# Question regarding Flaperons/Flaps In B109s



## drat (Nov 25, 2005)

Hi,
Im new to this board, and this is my first post. I've searched high and low for some detailed information regarding flaperons used in the Bf109s. How they worked, how they were operated ect. Also I cannot find any information for the life of me regarding operation of flaps for the 109s. Namely the G and K variants. Did they have combat flaps? And if so what speeds could they be lowered at?

This search is driving me up the wall. I've found information on the net in the past couple days, but it has been in german, and well, I can't read in german.  

If anyone has any iformation on these topics I would be greatly appreciative. 

Also, pictures would be helpful as well. 

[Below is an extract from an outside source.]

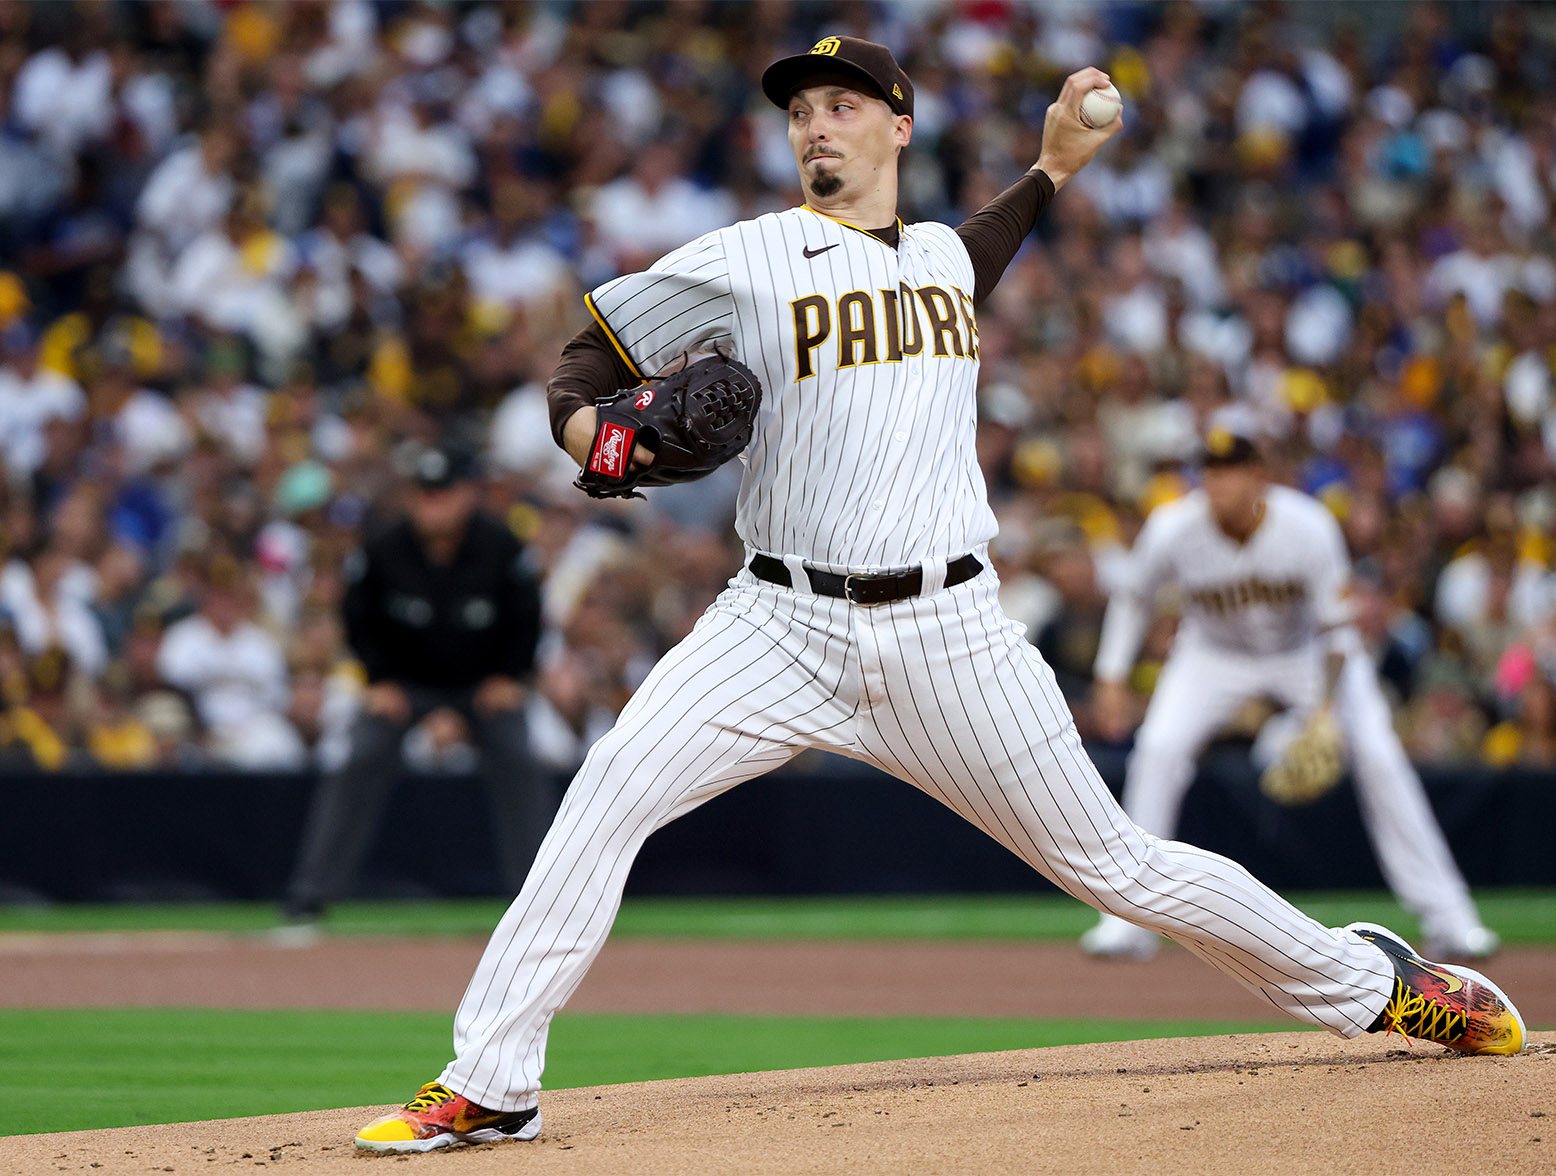 SAN DIEGO, CALIFORNIA - OCTOBER 14: Blake Snell #4 of the San Diego Padres delivers a pitch against the Los Angeles Dodgers during the first inning in game three of the National League Division Series at PETCO Park on October 14, 2022 in San Diego, California. (Photo by Harry How/Getty Images)

Like I said, I've searched high and low, including this sight and just cant find anything. So I am sorry I this topic has been touched on before and I just havent found it. 

TYVMIA. 
drat


----------



## JCS (Nov 25, 2005)

Theres several German speaking members here, if you post the documents you have in the multiligual forum I'm sure someone would translate it for you.


----------



## drat (Nov 25, 2005)

Thanks I found out how to translate the german to english and it turns out it wasnt what I was looking for. So Im still in desperate need of the above mentioned information. If anyone can help... I would really apreciate it. 

Thanks again


----------



## KraziKanuK (Nov 26, 2005)

The flaps in the 109 were lowered by the wheel in the cockpit (on the left beside the seat). The other wheel is for the stab trim. The flaps could be lowered to any angle. The flaps did not have a flap position called 'combat' like on the P-51. As can be seen in the graph, they could be lowered 10 deg @ 800kph. This is for the E but is applicable for the other models.

Here is the graph for the degree of lowering vs speed.
http://img41.imagevenue.com/img.php?loc=loc31ℑ=471_109_Flap_deploy_speeds.jpg

Be quick for the poster does not leave them up for long.


----------



## DerAdlerIstGelandet (Nov 26, 2005)

Good info there.


----------



## drat (Dec 5, 2005)

thank you very much.


----------



## drat (Dec 5, 2005)

Hey Krazi, you dont happen to have a source on that chart do you? It would be helpful to me is all. 

Thanks again


----------